_Work instruction_. A verbatim transcript of the data that follows, free of images, is the expected result.

──────── Given material ────────

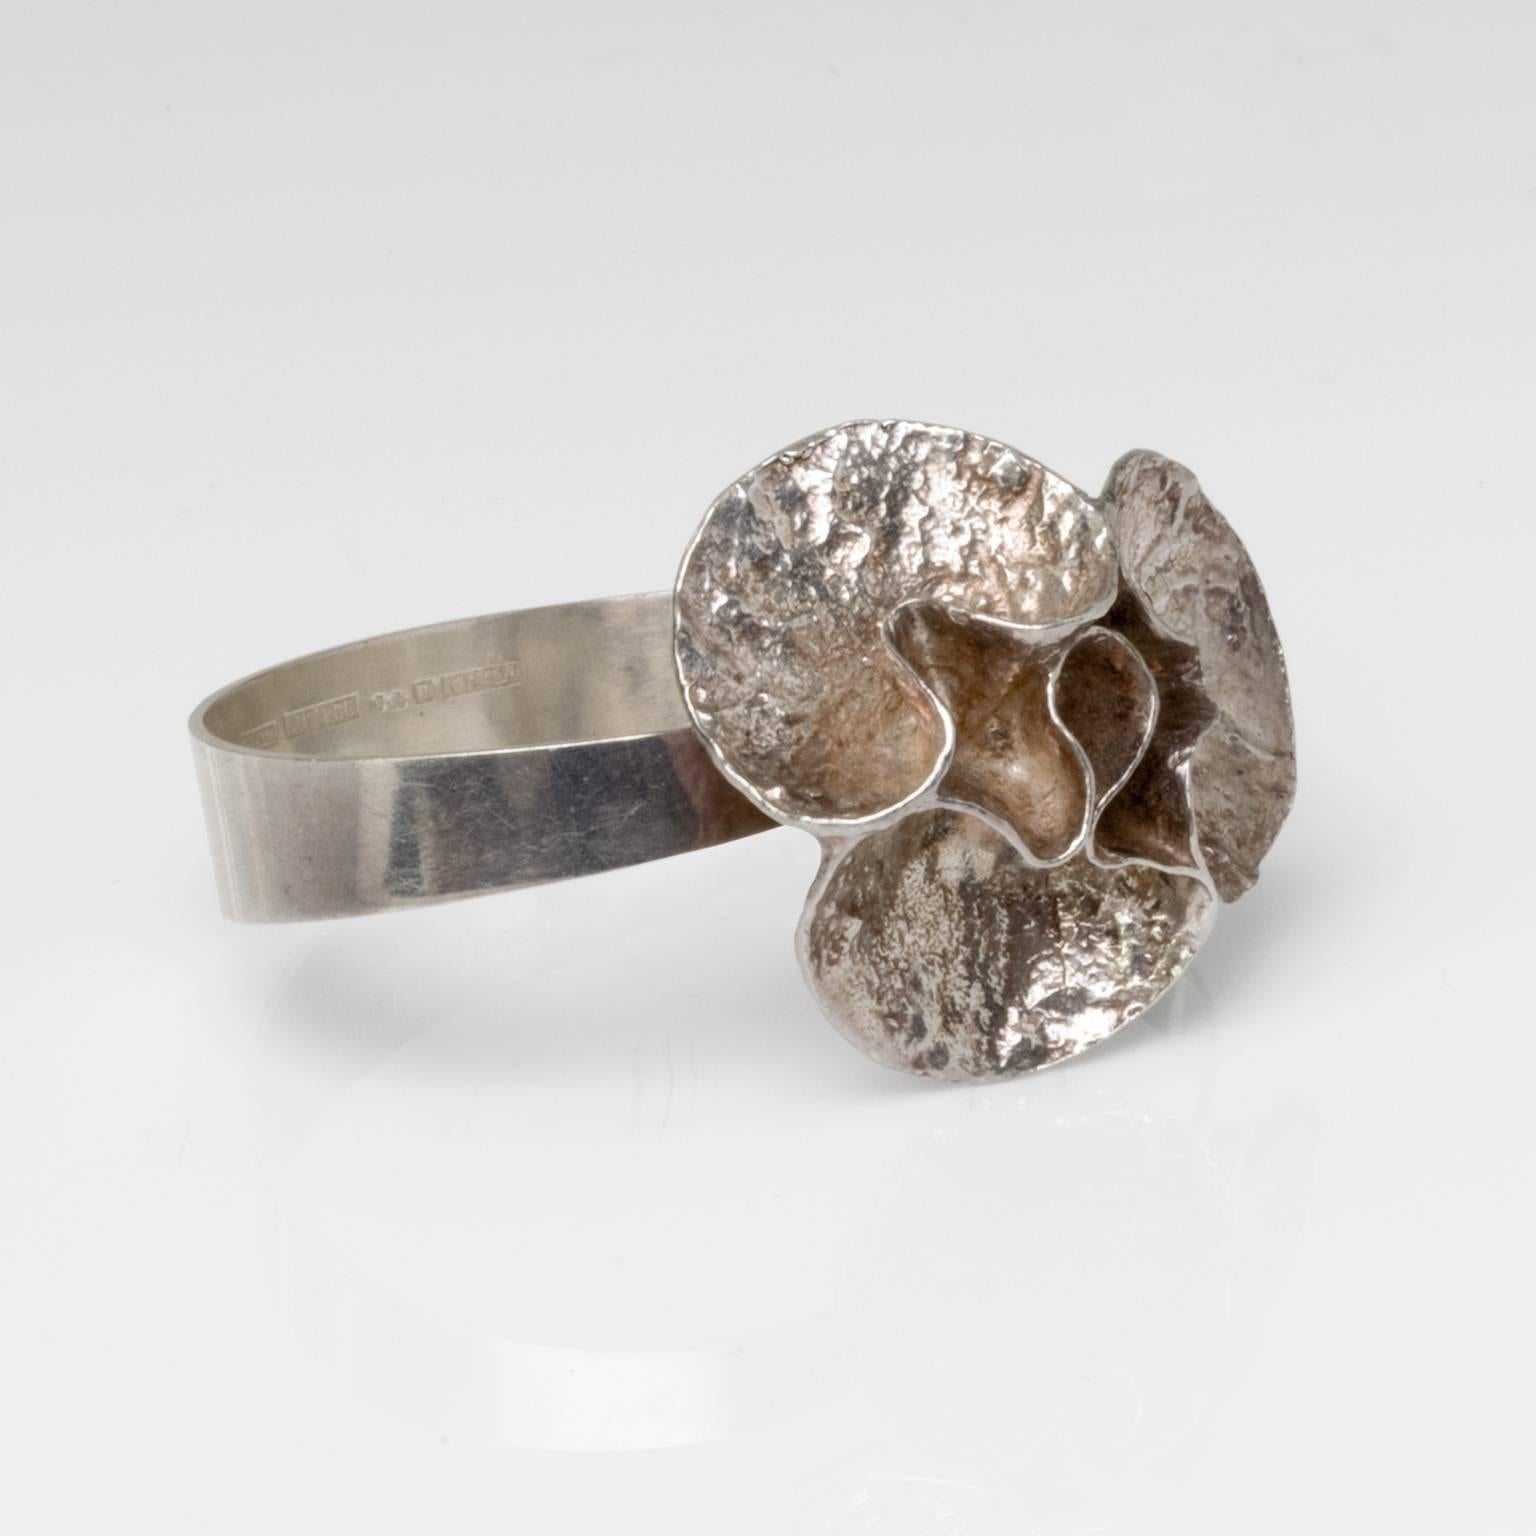 Silver bracelet with acid treated surface by Theresia Hvorslev and stamped 'Mema', Lidkoping, Sweden, 1976.
Measures: Depth: 2.75
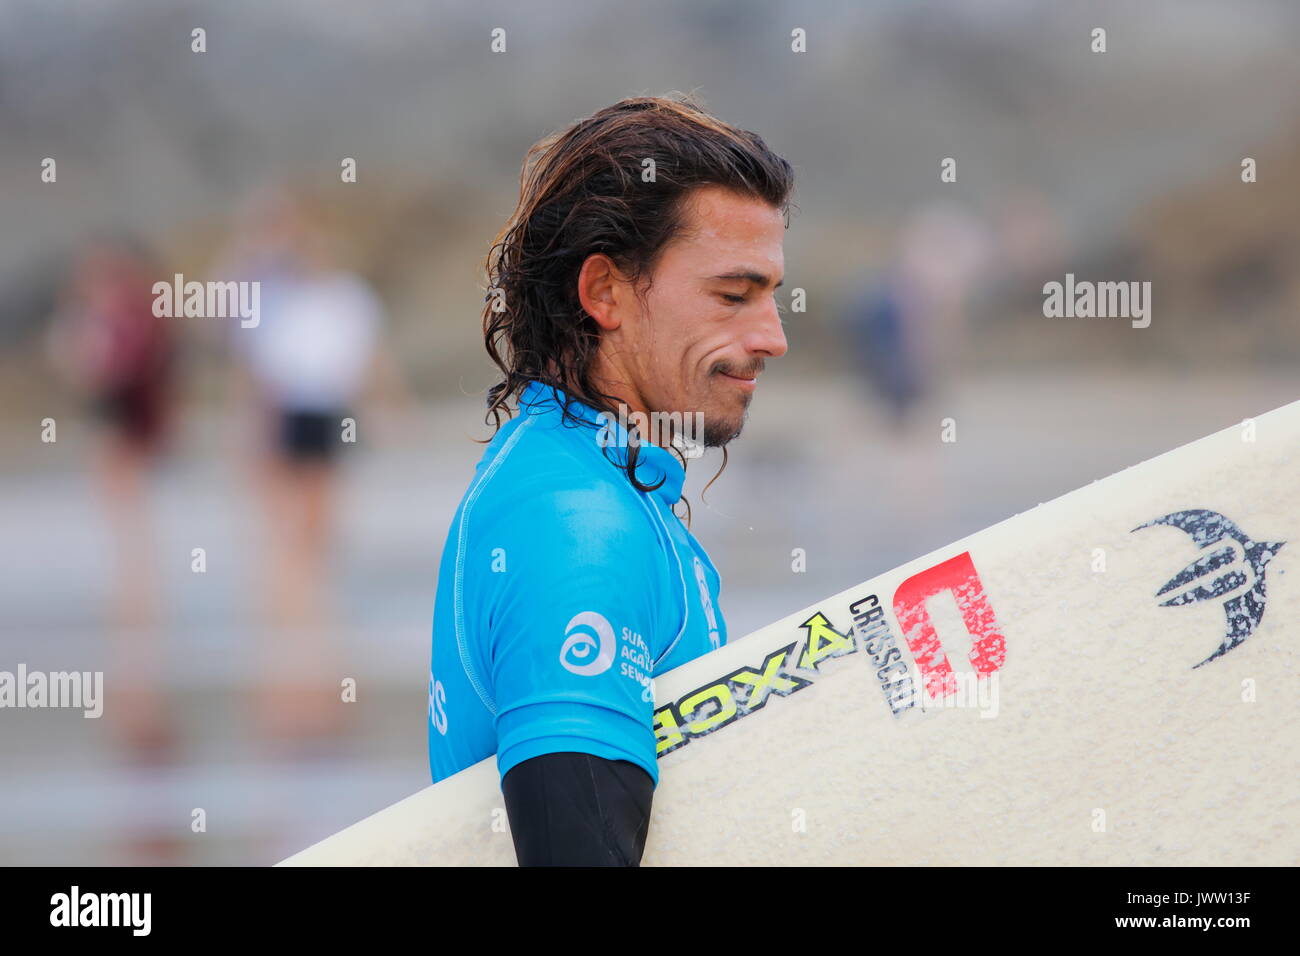 Fistral Beach, Newquay, Cornwall, UK. 13th Aug, 2017. Surfers take part in Day 5 of the Boardmasters Championship. This featured longboard surfers from around the world including Edouard Delpero seen here. Credit: Nicholas Burningham/Alamy Live News Stock Photo

────────

_Response area_.
 Silver bracelet with acid treated surface by Theresia Hvorslev and stamped 'Mema', Lidkoping, Sweden, 1976.
Measures: Depth: 2.75
 Fistral Beach, Newquay, Cornwall, UK. 13th Aug, 2017. Surfers take part in Day 5 of the Boardmasters Championship. This featured longboard surfers from around the world including Edouard Delpero seen here. Credit: Nicholas Burningham/Alamy Live News Stock Photo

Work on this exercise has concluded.